1. Both the Royal College of Obstetricians and Gynaecologists and the Royal College of Midwives support labouring in water for healthy women with uncomplicated pregnancies. The evidence to support underwater birth is less clear but complications are seemingly rare. If good practice guidelines are followed in relation to infection control, management of cord rupture and strict adherence to eligibility criteria, these complications should be further reduced.
2. Lying in warm water gives a sense of relaxation, but whether it actually reduces pain is less certain. A perception of relaxation, pain relief, ease of movements and more holistic experience made labour in water a popular choice during the 1980s. This concept has been extended to include actual birth under water following widely quoted experience from France.1 In response to public demand, the Winterton Report recommended that all maternity services provide women with the option to labour and/or give birth in water.2
3. Recent surveys3 show that, of 295 UK maternity units for which data on birthing pools were available, 64% had at least one birthing pool, with 20 units having two or more.

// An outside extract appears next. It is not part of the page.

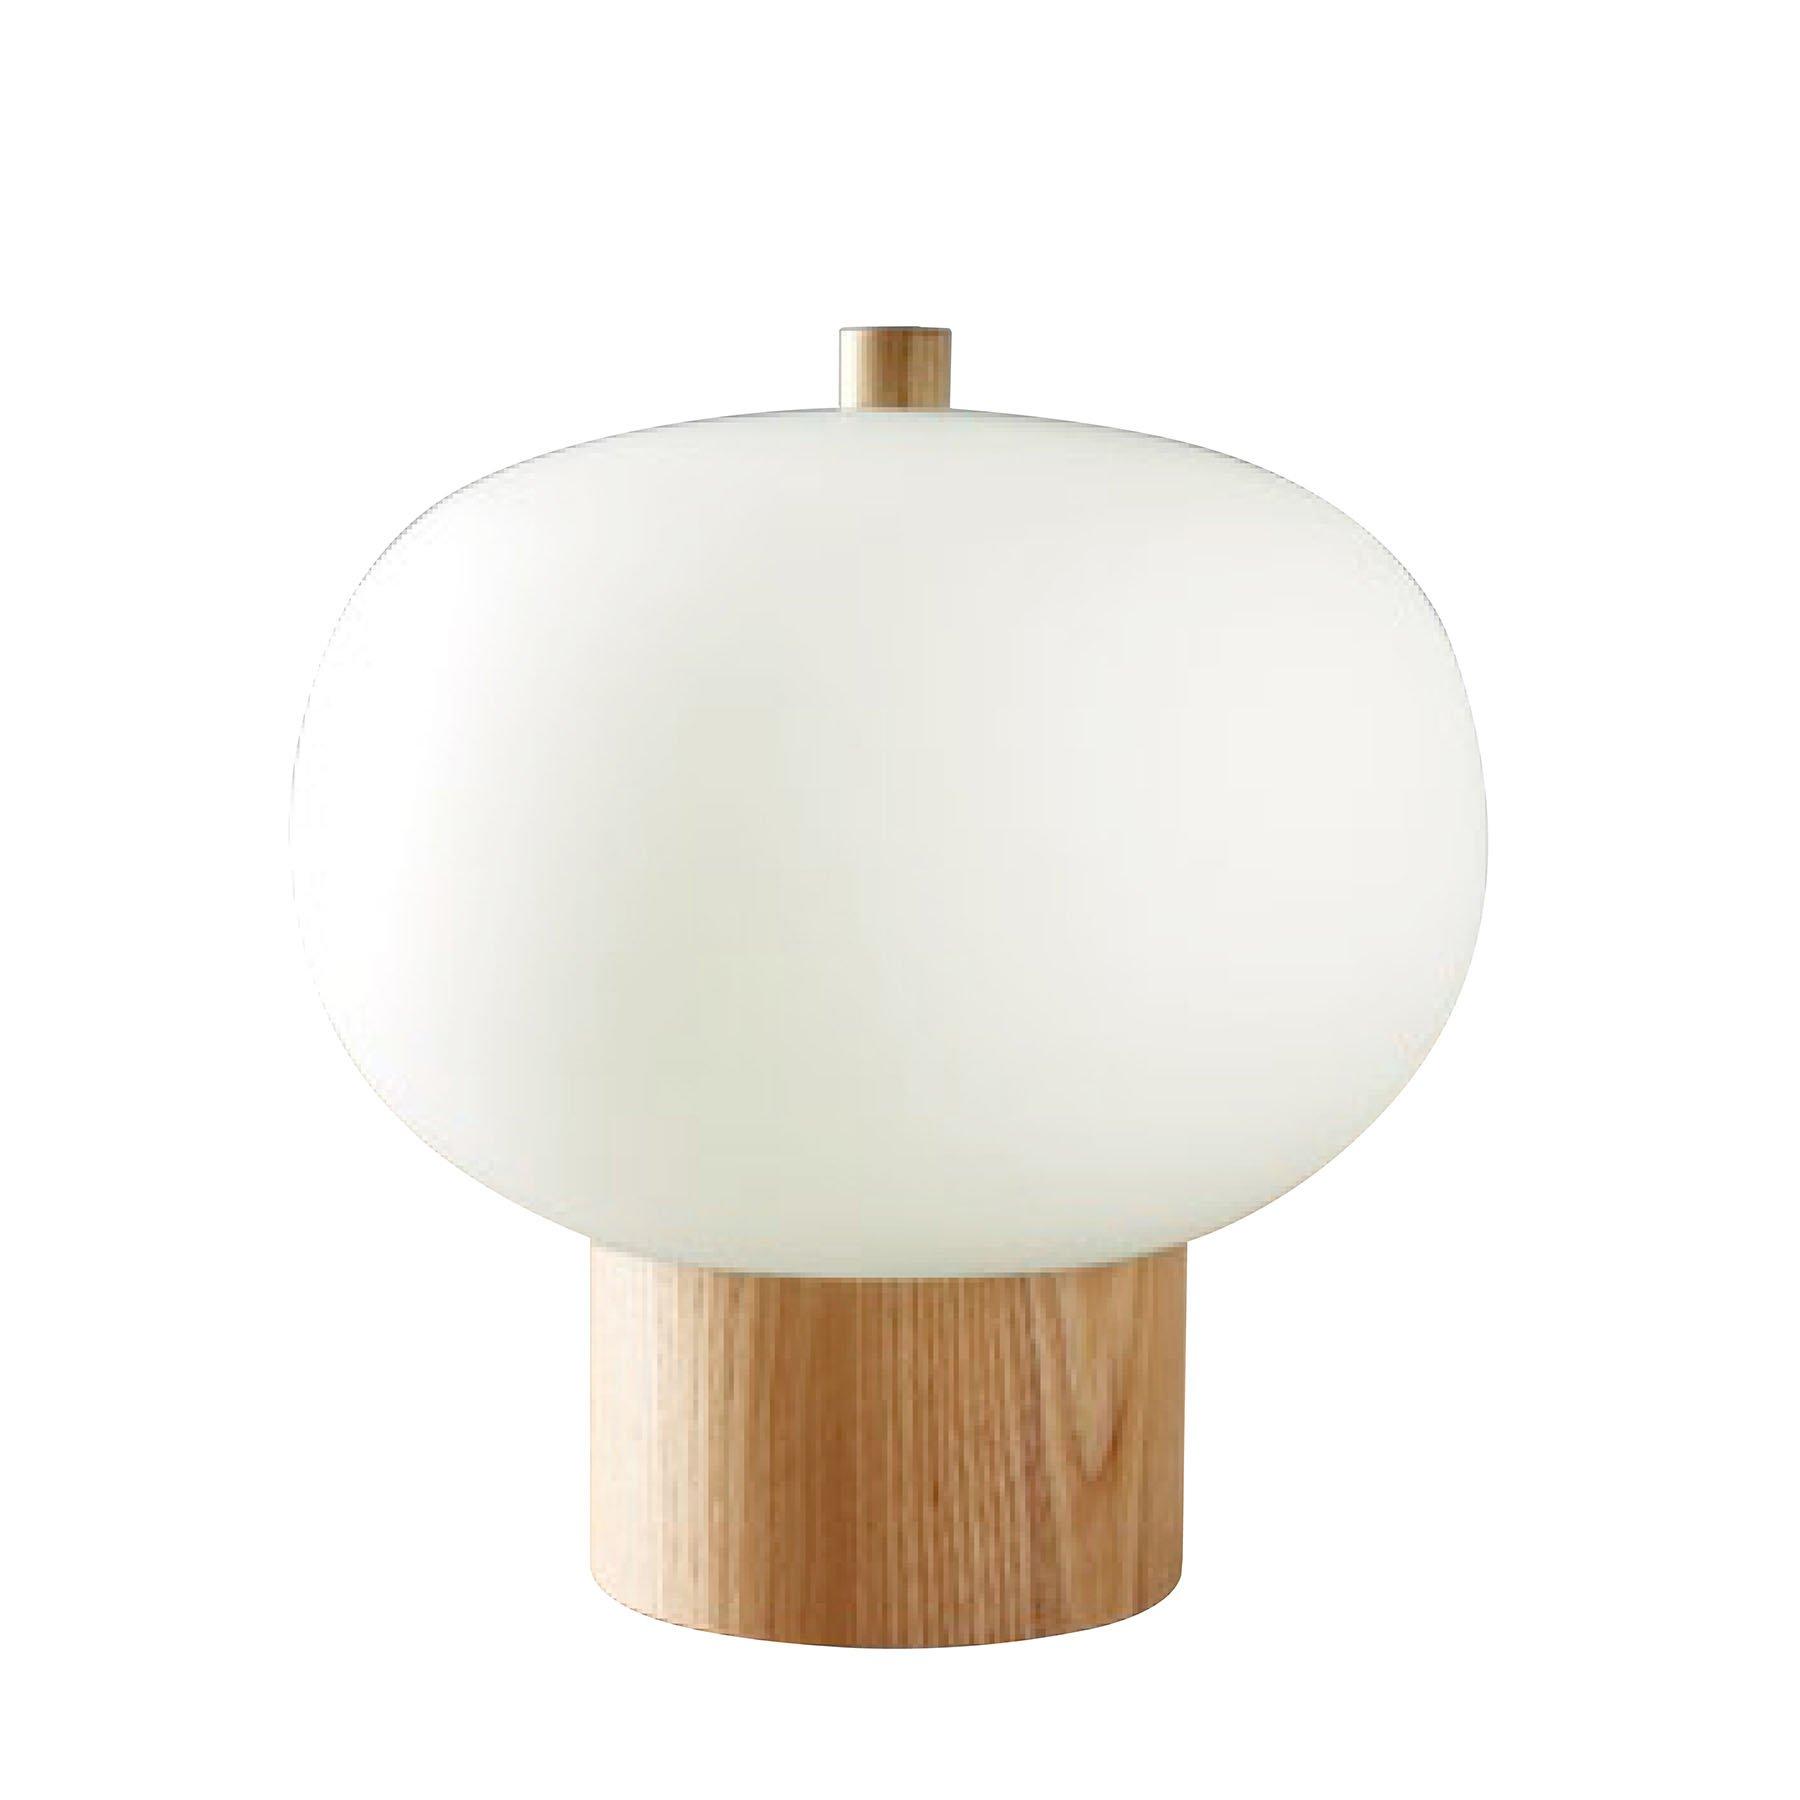 Grok Ilargi LED-bordlampe lys Ø 24cm touchdimmer

There are no current data on the number of women who actually use these facilities during labour or for water birth, apart from a postal survey carried out between April 1994 and March 1996, which reported that, at that time, fewer than 1% of births in England and Wales occurred in water.4
4. Partly in response to the Winterton Report, the Royal College of Obstetricians and Gynaecologists produced a Statement on birth in water in 1994, which was updated in 20015 and the Royal College of Midwives published a Position Paper on the use of water in labour and birth in 1994 (updated in 2000).6 Both documents endorsed the use of water in labour as a choice, provided that attendants had appropriate skills and confidence to assist women who choose to labour or give birth in water.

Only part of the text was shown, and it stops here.